Loisel, dans son dialogue des avocats, fait mention d’une fameuse cause qui fut plaidée au parlement de Paris par Mrs Boulard & Desombres, & que l’on nomma la cause du te Deum laudamus. Voici le fait tel qu’il est raconté par l’auteur. Un chanoine de Chartres avoit ordonné par son testament qu’on chantât le te Deum en l’église au jour & heure de son enterrement, ce que l’évêque Guillard trouva non seulement nouveau, mais si scandaleux, qu’il lui refusa ce qu’il avoit desiré, ajoutant que c’étoit une hymne de louange & de réjouissance non convenable au service des trépassés. L’avocat du mort soutenoit au contraire qu’il n’y avoit rien que de bon & de pieux dans cette hymne, & pour le prouver, il parcourut tous les versets dont elle est composée, avec de belles recherches & interprétations dont il les orna ; enfin il justifia qu’il contenoit même une priere formelle pour les morts, en ces mots : te ergo quoesumus, famulis tuis subveni, quos pretioso sanguine redemisti. Æternâ fac cum sanctis tuis in gloriâ numerari. Bref, la cause fut si bien plaidée, que le testament & le te Deum ordonné par icelui furent confirmés par arrêt qu’on baptisa du nom de te Deum laudamus.

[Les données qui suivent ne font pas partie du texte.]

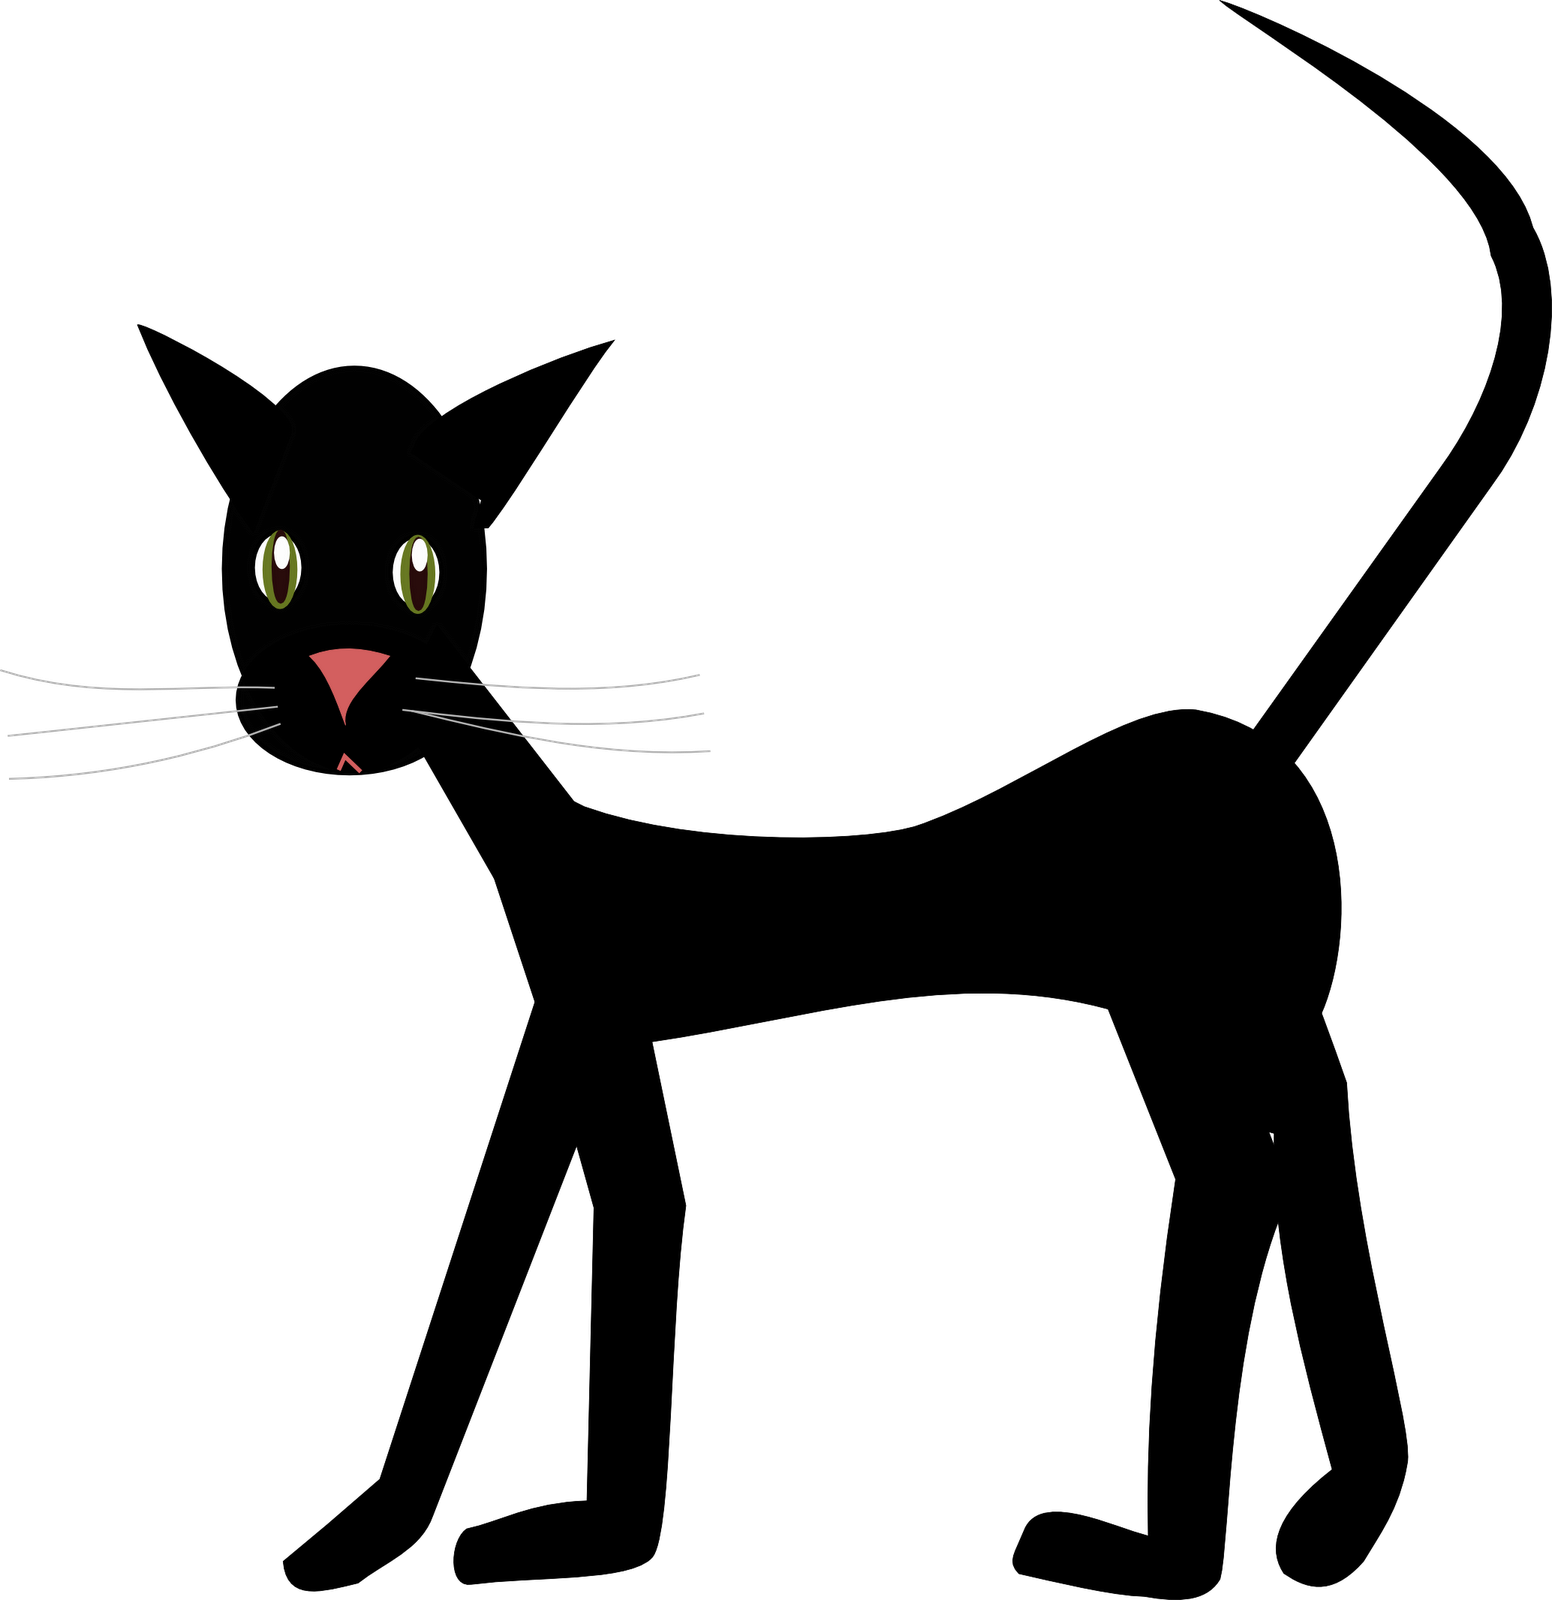 Cat images clip art. Kitten clipart translucent
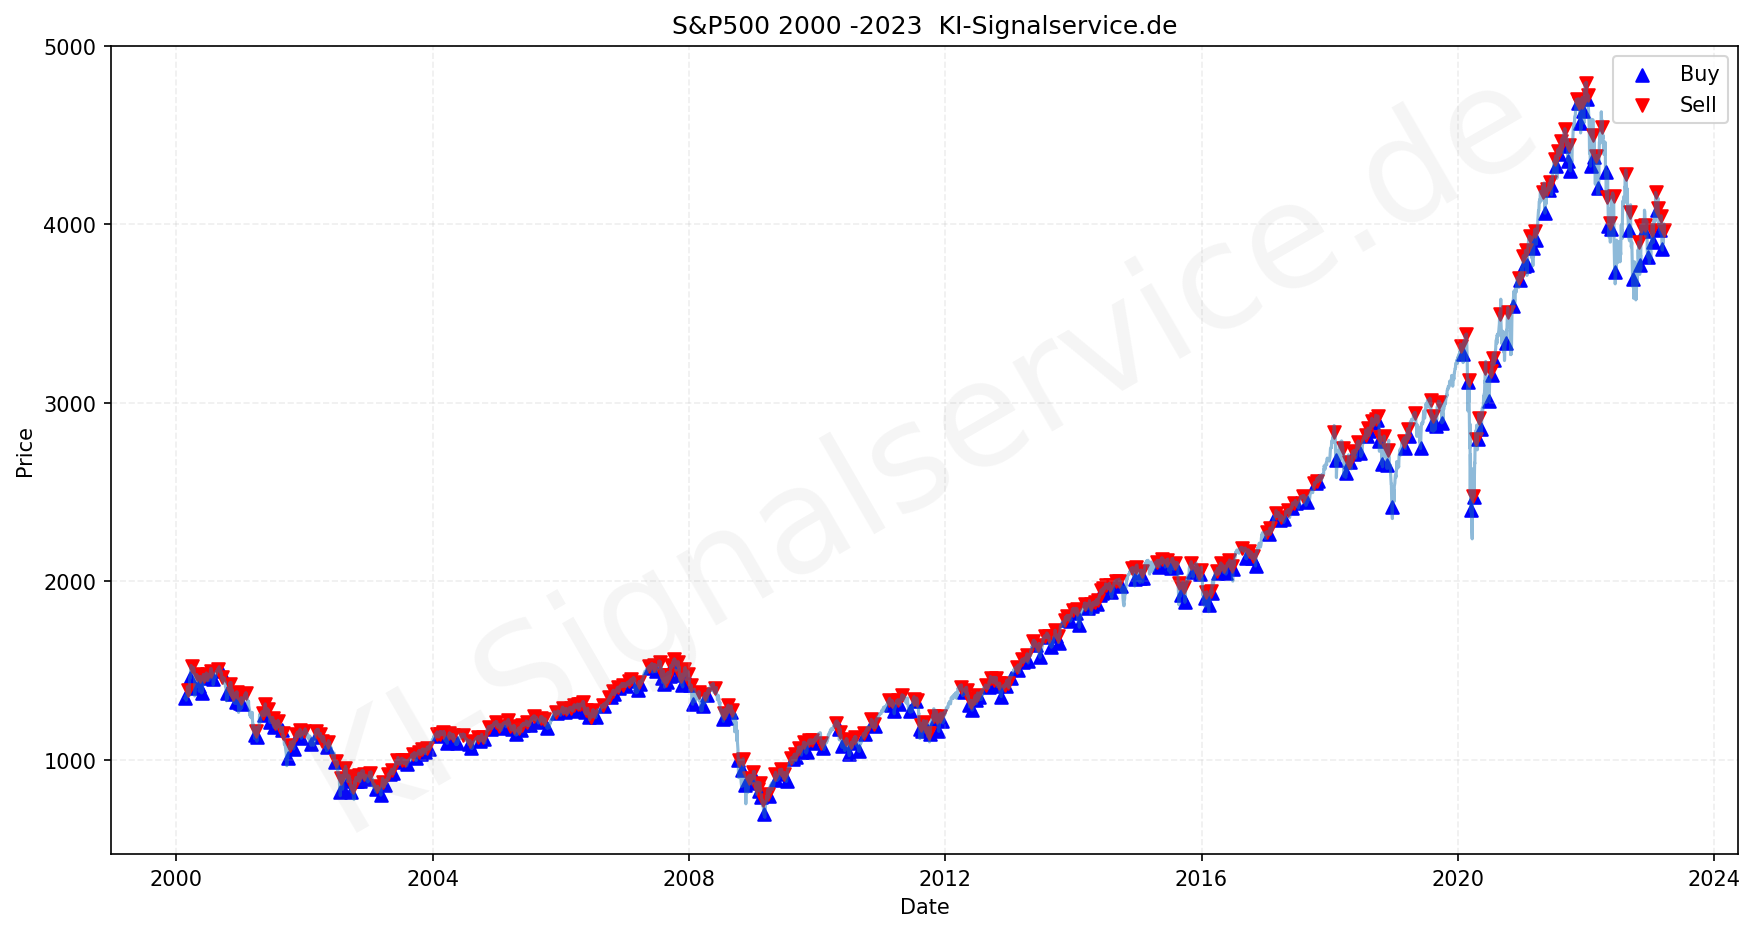 SP500 Index Performance Chart - KI Tradingsignale 2000-2022

Le te Deum se chante encore extraordinairement en pompe & en cérémonie, pour rendre publiquement graces à Dieu d’une victoire remportée par terre ou par mer ; C’est ce qui fit dire à une dame d’esprit du dernier siecle, que le te Deum des rois étoit le de profundis des particuliers. Un poëte écrivoit dans le même tems à ce sujet :

J’ai vu les nations avides de carnage.
En faire un métier glorieux,
Et des tristes effets de leur funeste rage,
Aller pompeusement rendre graces aux dieux.